In the last section of this chapter, we will discuss, very briefly, how Spark works internally. For a more detailed discussion, see the References section at the end of the chapter.
When you open a Spark context, either explicitly or by launching the Spark shell, Spark starts a web UI with details of how the current task and past tasks have executed. Let's see this in action for the example mutual information program we wrote in the last section. To prevent the context from shutting down when the program completes, you can insert a call to readLine
as the last line of the main
method (after the call to takeOrdered
). This expects input from the user, and will therefore pause program execution until you press enter.

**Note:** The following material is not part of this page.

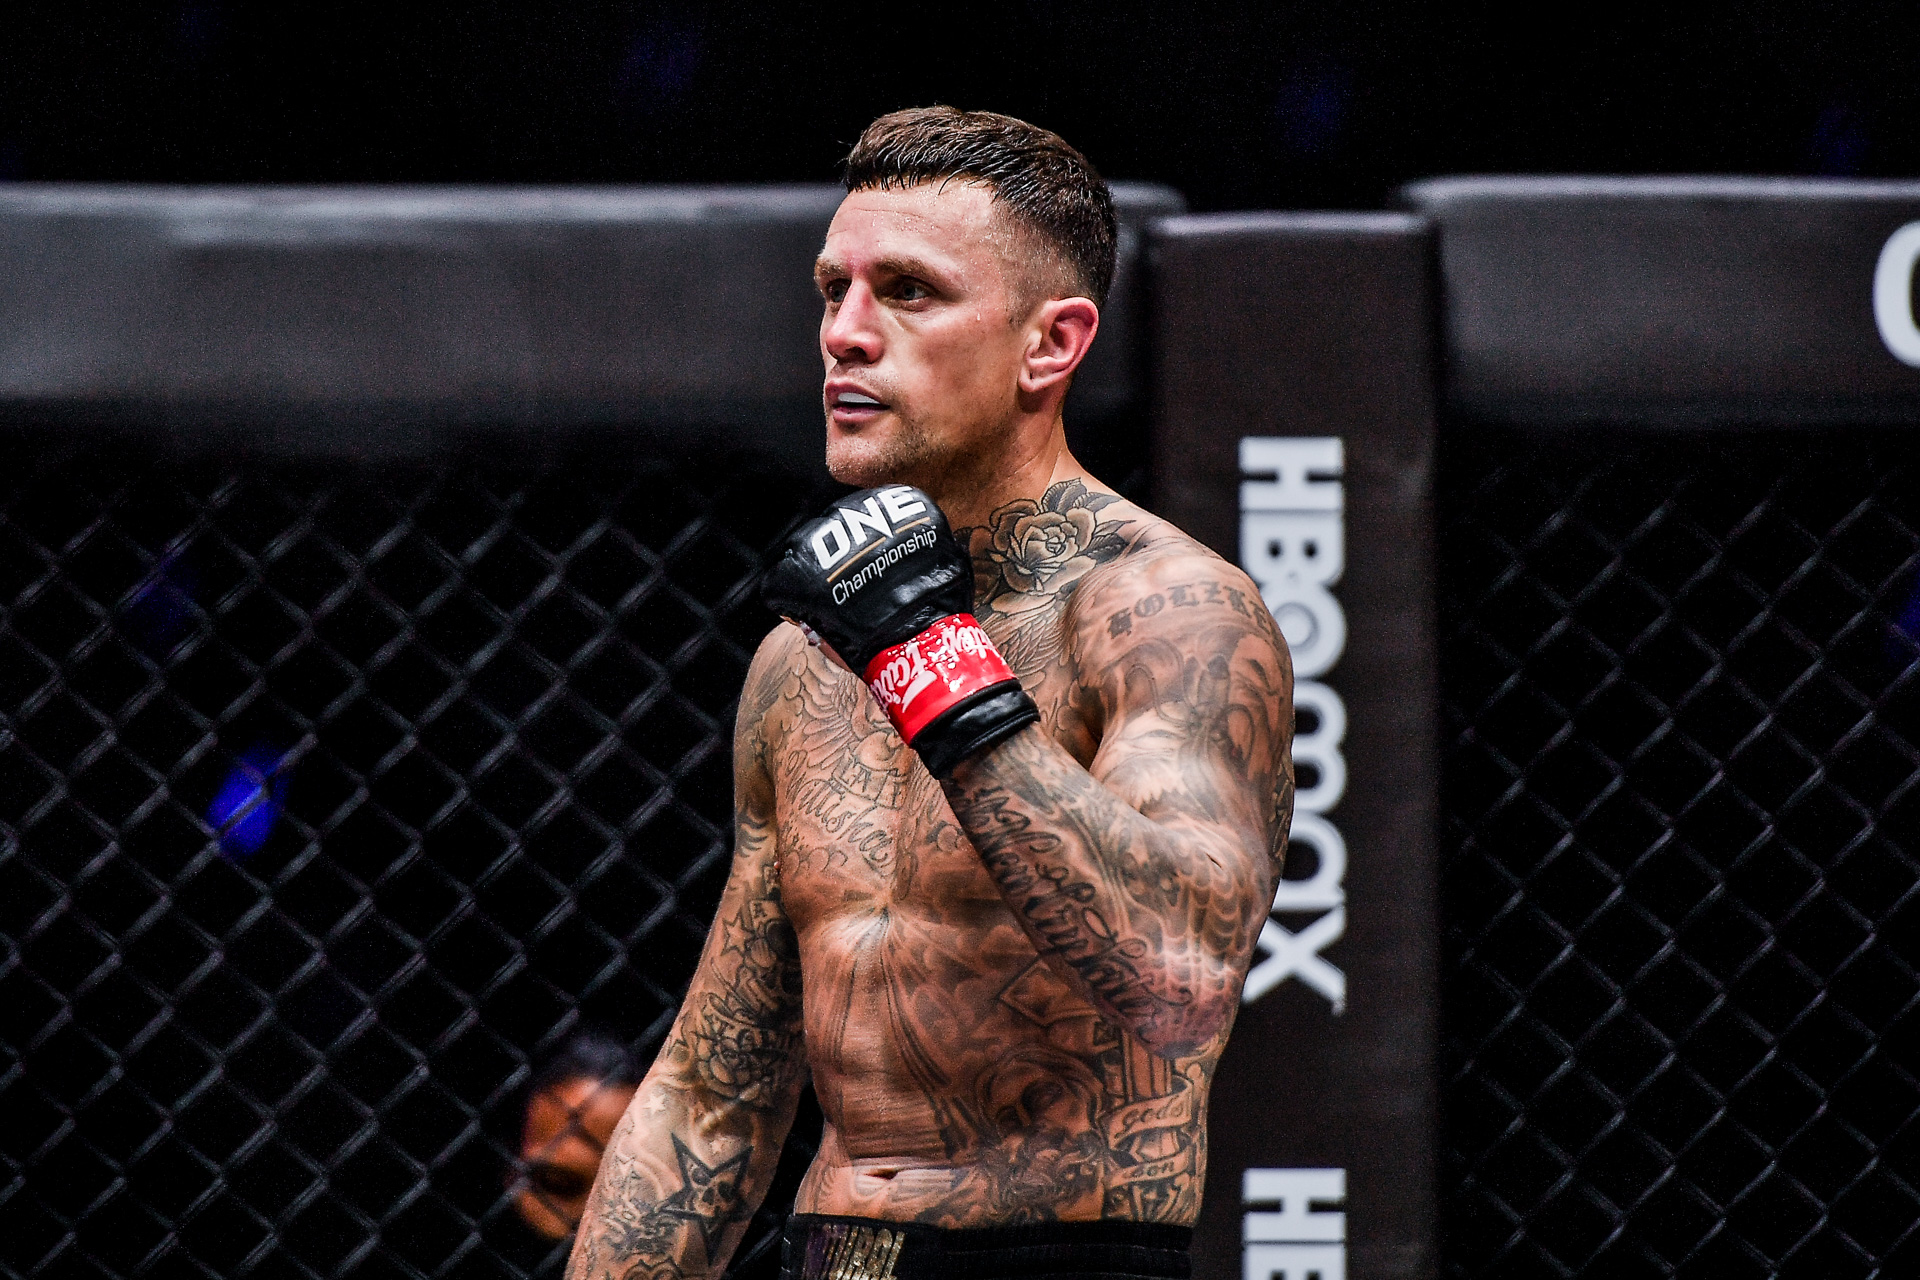 Nieky Holzken is set for Muay Thai action

To access the UI, point your browser to 127.0.0.1:4040
. If you have other instances of the Spark shell running, the port may be 4041
, or 4042
and so on.
The first page of the UI tells us that our application contains three jobs. A job occurs as the result of an action. There are, indeed, three actions in our application: the first two are called within the wordFractionInFiles
function:
val nMessages = messages.count()
The last job results from the call to takeOrdered
, which forces the execution of the entire pipeline of RDD transformations that calculate the mutual information.
The web UI lets us delve deeper into each job. Click on the takeOrdered
job in the job table. You will get taken to a page that describes the job in more detail:
Of particular interest is the DAG visualization entry. This is a graph of the execution plan to fulfill the action, and provides a glimpse of the inner workings of Spark.
When you define a job by calling an action on an RDD, Spark looks at the RDD's lineage and constructs a graph mapping the dependencies: each RDD in the lineage is represented by a node, with directed edges going from this RDD's parent to itself. This type of graph is called a directed
acyclic graph (DAG), and is a data structure useful for dependency resolution. Let's explore the DAG for the takeOrdered
job in our program using the web UI. The graph is quite complex, and it is therefore easy to get lost, so here is a simplified reproduction that only lists the RDDs bound to variable names in the program.
As you can see, at the bottom of the graph, we have the mutualInformation
RDD. This is the RDD that we need to construct for our action. This RDD depends on the intermediate elements in the sum, igFragment1
, igFragment2
, and so on. We can work our way back through the list of dependencies until we reach the other end of the graph: RDDs that do not depend on other RDDs, only on external sources.
Once the graph is built, the Spark engines formulates a plan to execute the job. The plan starts with the RDDs that only have external dependencies (such as RDDs built by loading files from disk or fetching from a database) or RDDs that already have cached data. Each arrow along the graph is translated to a set of tasks, with each task applying a transformation to a partition of the data.
Tasks are grouped into stages. A stage consists of a set of tasks that can all be performed without needing an intermediate shuffle.